Mrs Onuoha said: "This has always been an attack on my faith. My cross has been with me for 40 years. It is part of me, and my faith, and it has never caused anyone any harm. Patients often say to me, ‘I really like your cross’. They always respond to it in a positive way and that gives me joy and makes me feel happy. I am proud to wear it as I know God loves me so much and went through this pain for me.

"At this hospital there are members of staff who go to a mosque four times a day and no one says anything to them. Hindus wear red bracelets on their wrists and female Muslims wear hijabs in theatre. Yet my small cross around my neck was deemed so dangerous that I was no longer allowed to do my job.

"I was astonished that senior staff were prepared to potentially endanger a patient’s life in order to intimidate me to remove it.

"From a young age I naturally always wanted to care for people – it was in my blood. All I have ever wanted is to be a nurse and to be true to my faith. I am a strong woman, but I have been treated like a criminal. I love my job, but I am not prepared to compromise my faith for it, and neither should other Christian NHS staff in this country."

Choice between faith and profession

Andrea Williams, chief executive of the Christian Legal Centre representing Mrs Onuoha, said: "From the beginning, this case has been about one or two members of staff being offended by the cross – the worldwide, recognised and cherished symbol of the Christian faith.

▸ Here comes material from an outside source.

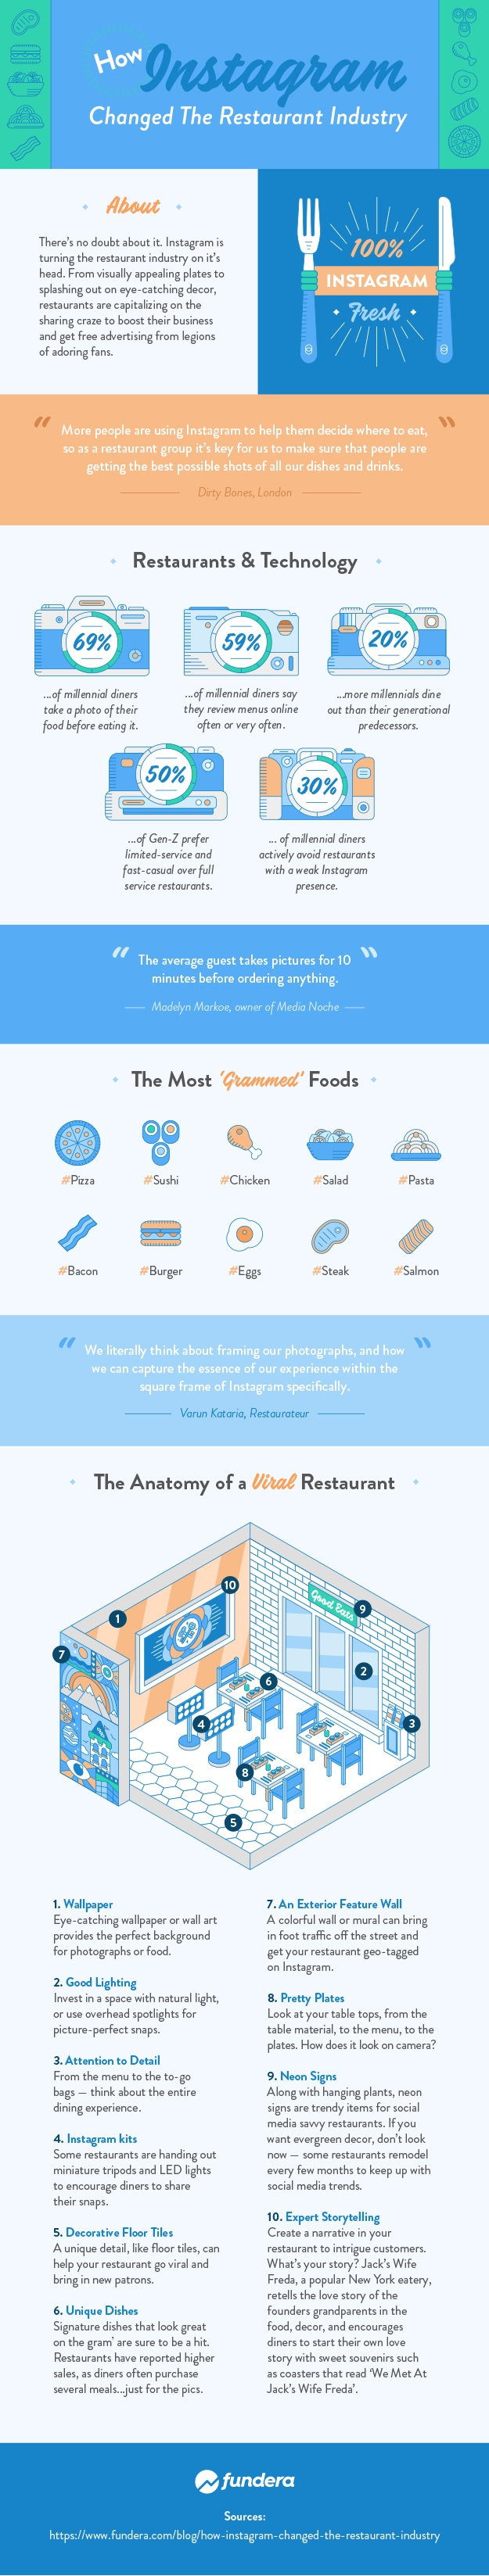 Instagram Restaurant info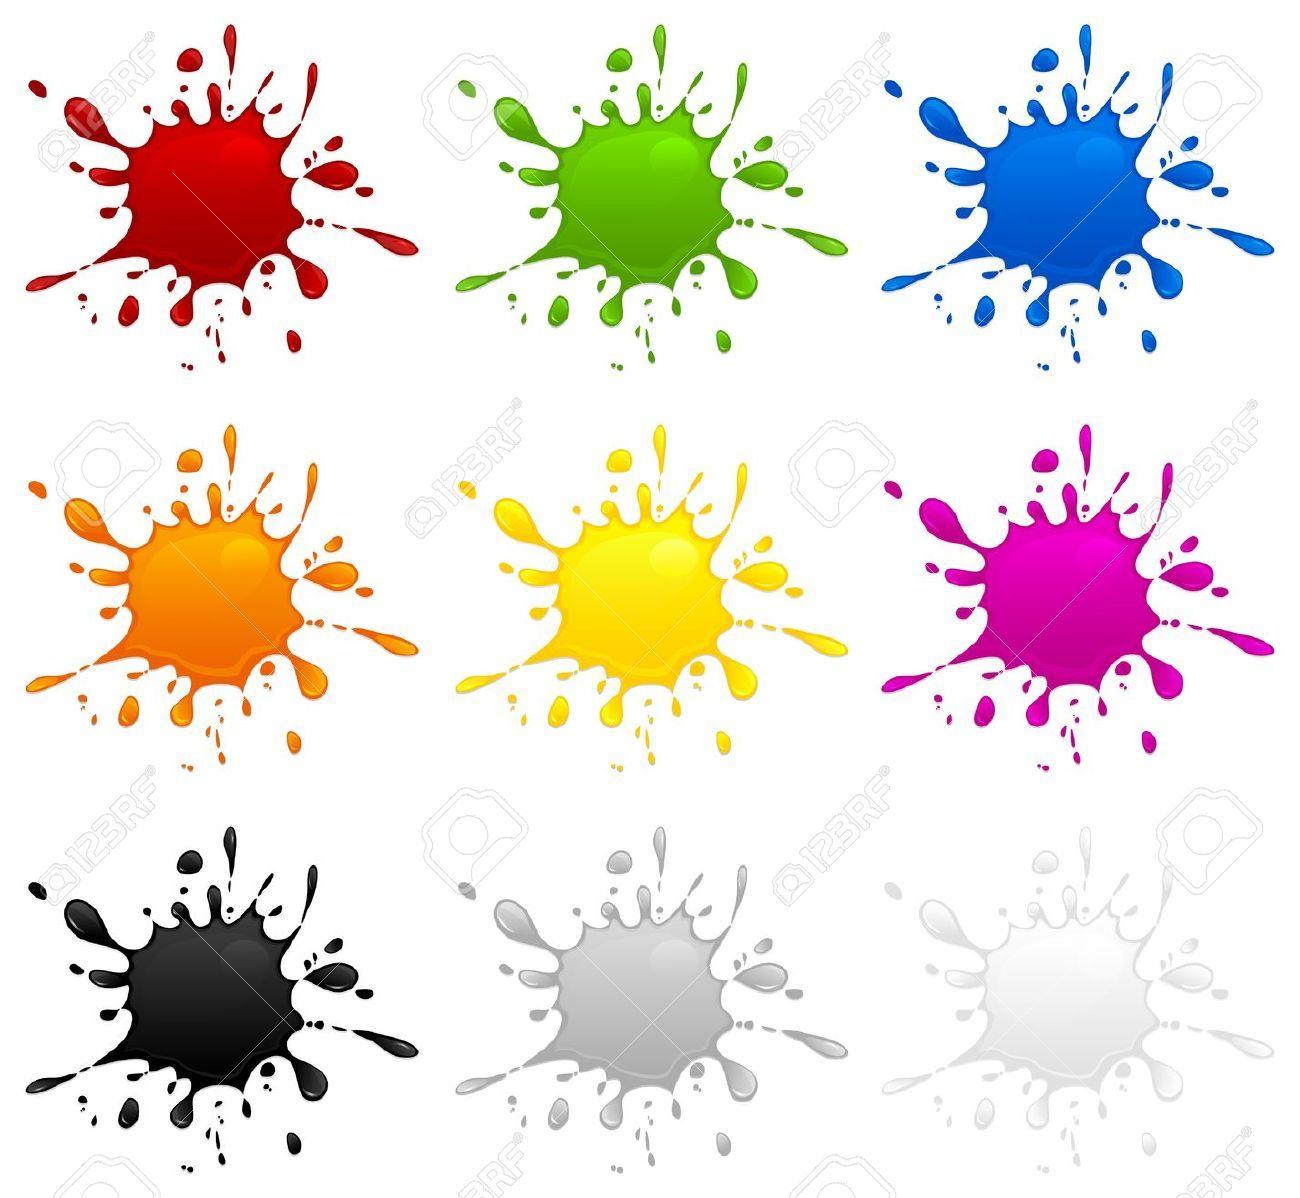 Manchas De Colores Manchas De Tinta Salpicadura De Acuarela Manchas De Colores

"It is upsetting that an experienced nurse, during a pandemic, has been forced to choose between her faith and the profession she loves.

"Why do some NHS employers feel that the cross is less worthy of protection or display than other religious attire?

"How Mary was treated over a sustained period was appalling and cannot go unchallenged.

"Mary’s whole life has been dedicated to caring for others and her love for Jesus. We are determined to fight for justice."